Après la découverte inopinée de pertes très importantes en 2013 dues principalement à une politique d’acquisitions aux conséquences mal évaluées, la banque n’a dû son salut qu’à l’intervention de hedge funds, notamment le fonds vautour Aurelius Capital Management. En dépit du redressement opéré à partir de 2014, elle a continué à cumuler des pertes importantes, 473 millions de livres en 2016, après une perte de 610 millions en 2015. Devant cette situation, et face à l’impossibilité de satisfaire aux exigences en matière de fonds propres imposées par les nouvelles normes bancaires internationales, le conseil d’administration de la banque s’est vu contraint en février 2017 de prendre la décision de mettre en vente Co-op Bank. Ses actionnaires, les hedge funds qui l’avaient sauvée de la faillite en 2013 – elles détiennent 80 % du capital – et Co-op Group, ne sont pas en mesure d’injecter les capitaux additionnels requis. Est-ce la fin d’une histoire vieille de près de 150 ans ?
Une problématique liée à la gouvernance
Pour comprendre comment on en est arrivé là, il faut se rappeler quelques épisodes antérieurs, à commencer par le rachat annoncé en fanfare en août 2009 de la building society [1] Britannia par Co-op Bank, donnant ainsi naissance à un groupe bancaire et financier de première importance, avec 70 milliards de livres d’actifs, 9 millions de clients, 12 000 salariés et plus de 300 agences. Dans la corbeille se trouvait également un gros portefeuille de créances liées à l’activité de la building society Britannia, accordé, pas toujours avec grand discernement, au moment du boom immobilier et qui, avec les développements de la crise de 2008, allait obérer lourdement la situation financière de Co-op Bank. Ce n’est que dans la période qui suit l’annonce en avril 2013 du projet de la reprise par Co-op Bank des 632 branches de Lloyds Bank [2] que la gravité de la situation allait être pleinement mesurée avec la découverte d’une perte de 1,5 milliard de livres.

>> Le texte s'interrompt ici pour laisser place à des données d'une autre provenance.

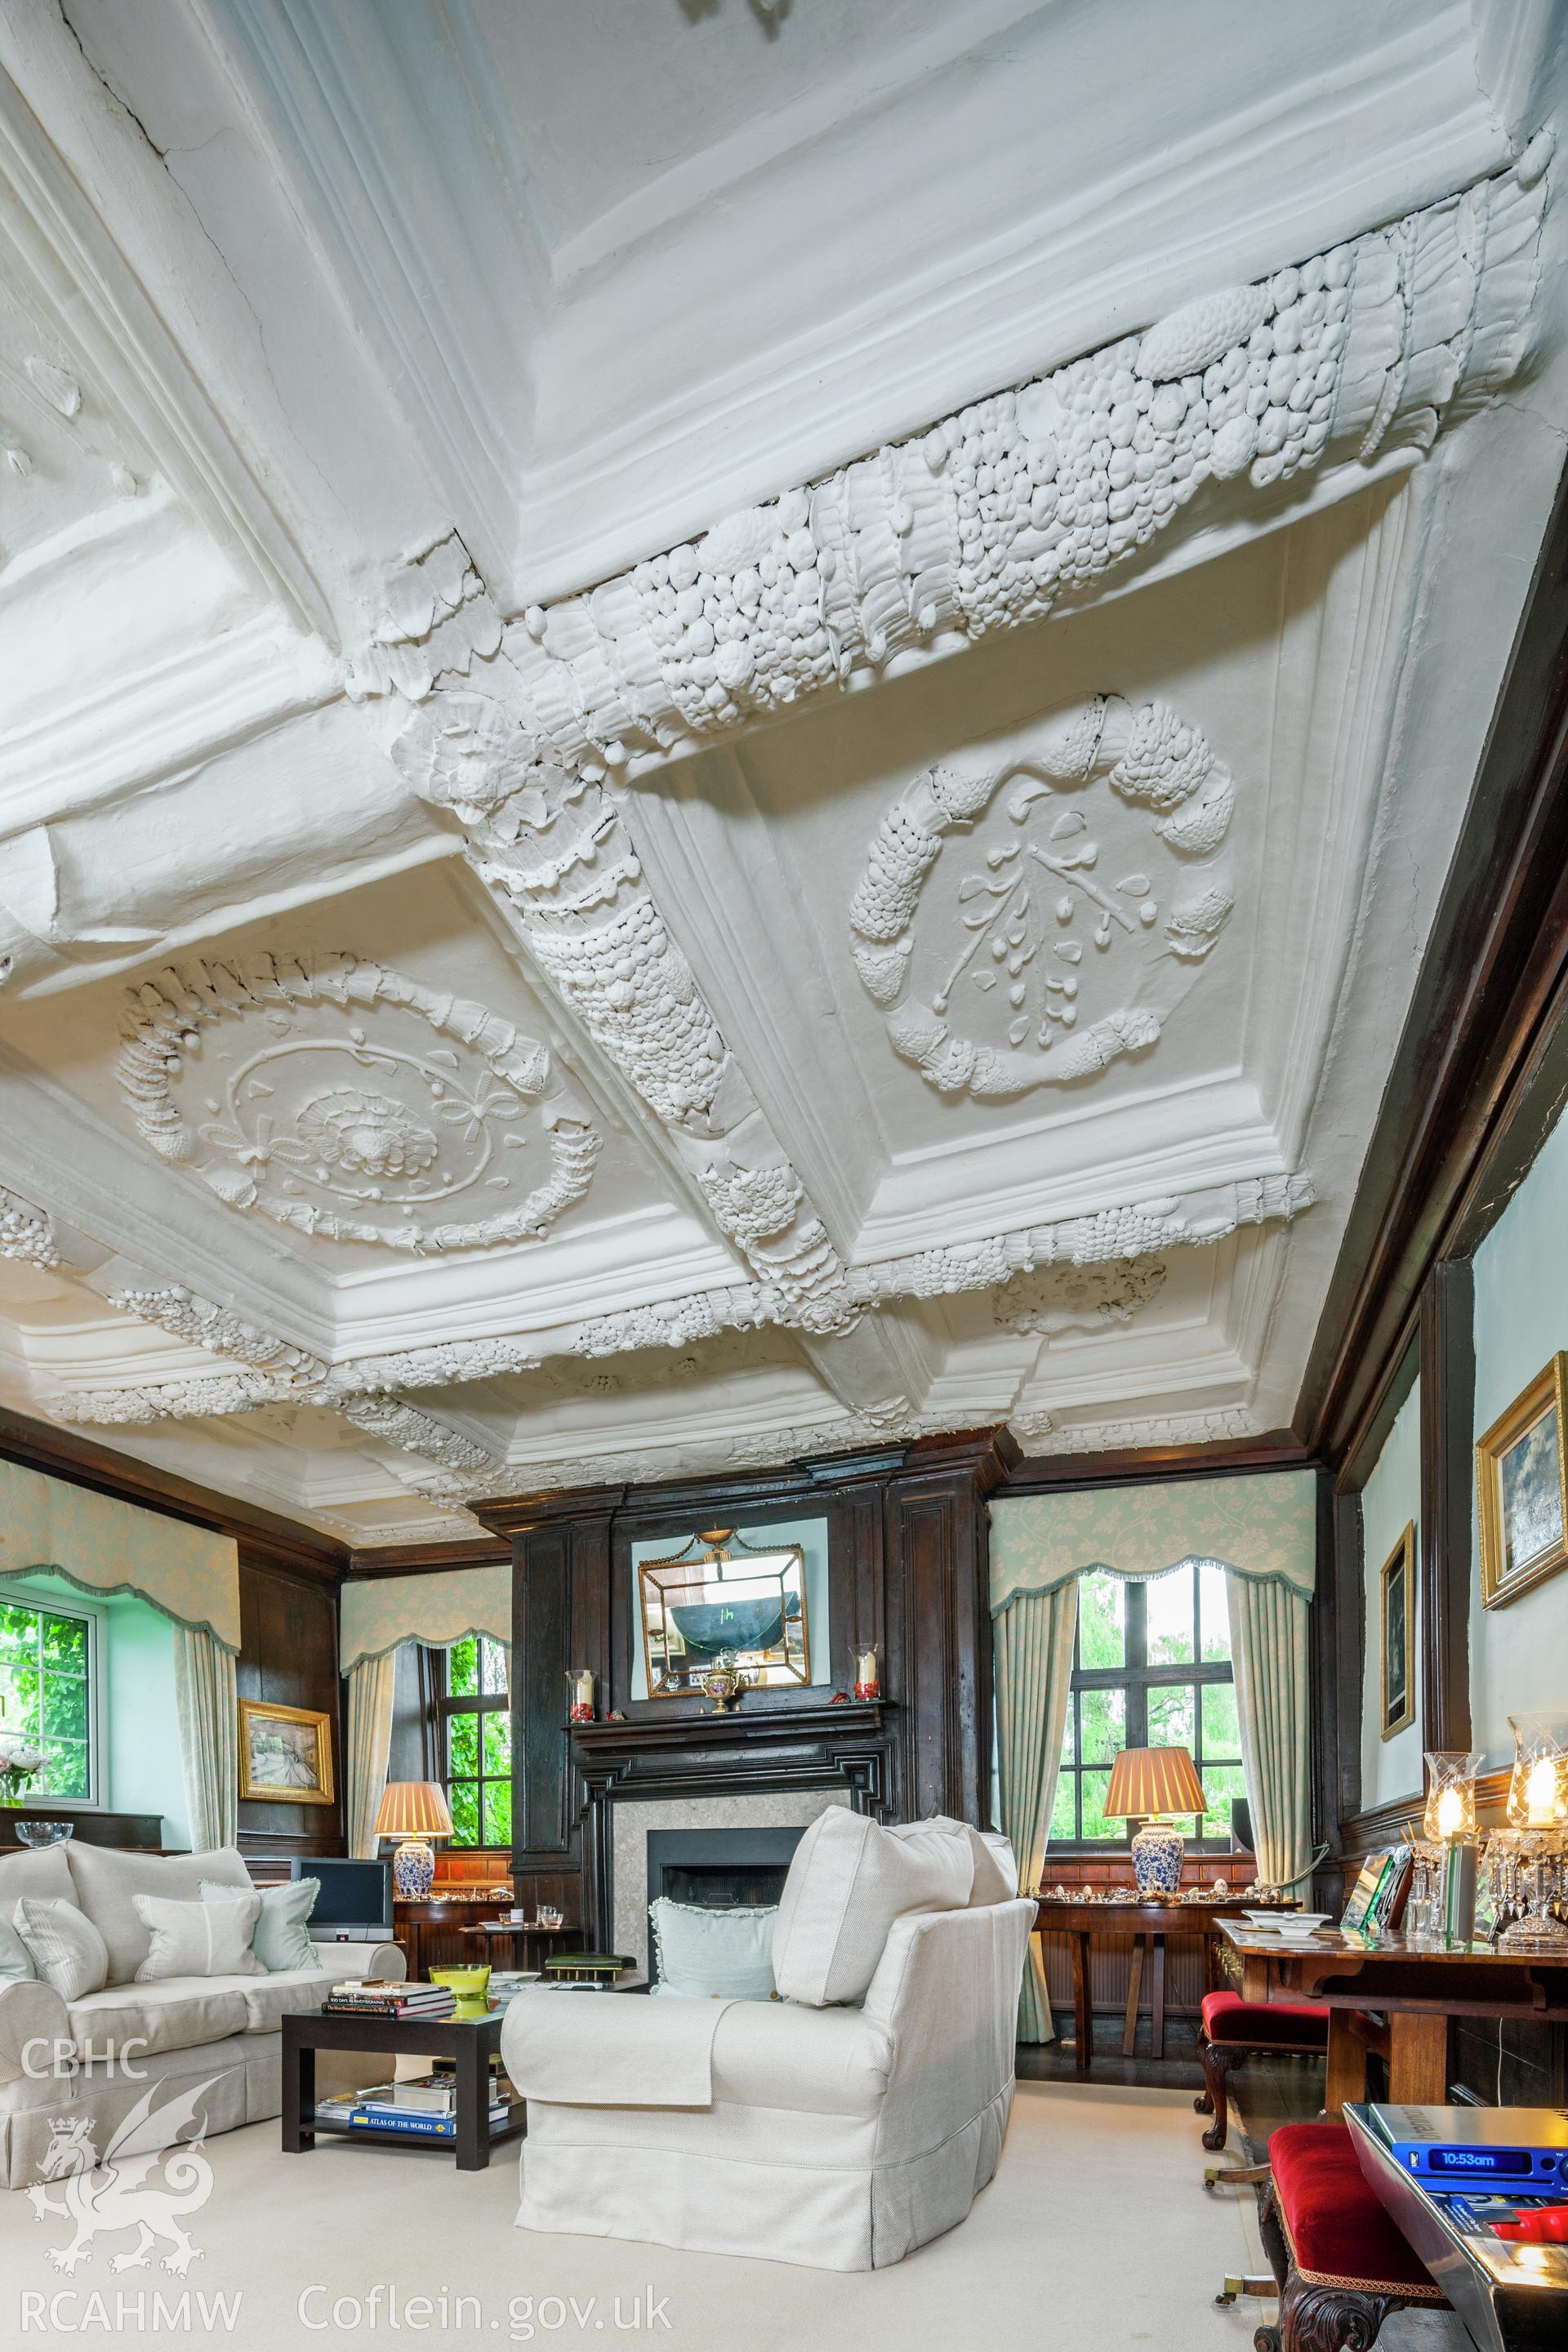 Interior of parlour with decorated plaster ceiling.

La crise est ouverte, mettant en lumière un grave problème de gouvernance illustré par l’épisode tragi-comique du révérend Flowers, président de la banque, compromis dans une affaire de drogue. Elle gagne également Co-op Group dont la responsabilité est mise en cause en tant que société mère. L’affaire prend une dimension politique, d’autant que le Co-op Group est un contributeur historique au financement du Co-operative party [3], affilié au Labour.
La banque ne doit alors son salut qu’à des hedge funds dont les créances obligataires qu’ils détiennent sont converties en actions, leur assurant en même temps le contrôle de la banque. Co-op Group se retrouve actionnaire minoritaire avec 20 % du capital de la banque qui, rappelons-le, n’est pas une coopérative, mais une Public Limited Company [4], l’équivalent d’une société anonyme (SA) en France.
Une enquête est ordonnée par les autorités de régulation, confiée à un ex-ministre du Budget, Lord Myners, qui révèle les conséquences désastreuses du rachat de Britannia, l’incompétence des dirigeants de la banque et la responsabilité des autorités de régulation qui ont approuvé l’opération au départ. Le rapport Myners met également le doigt sur la fragilité de Co-op Group et ses déficiences en matière de gouvernance, avec un système de représentation complexe et peu démocratique et un conseil d’administration où les jeux de pouvoir et les ambitions personnelles l’emportent sur les compétences. La nomination à la présidence d’une personnalité telle que Flowers en est une illustration.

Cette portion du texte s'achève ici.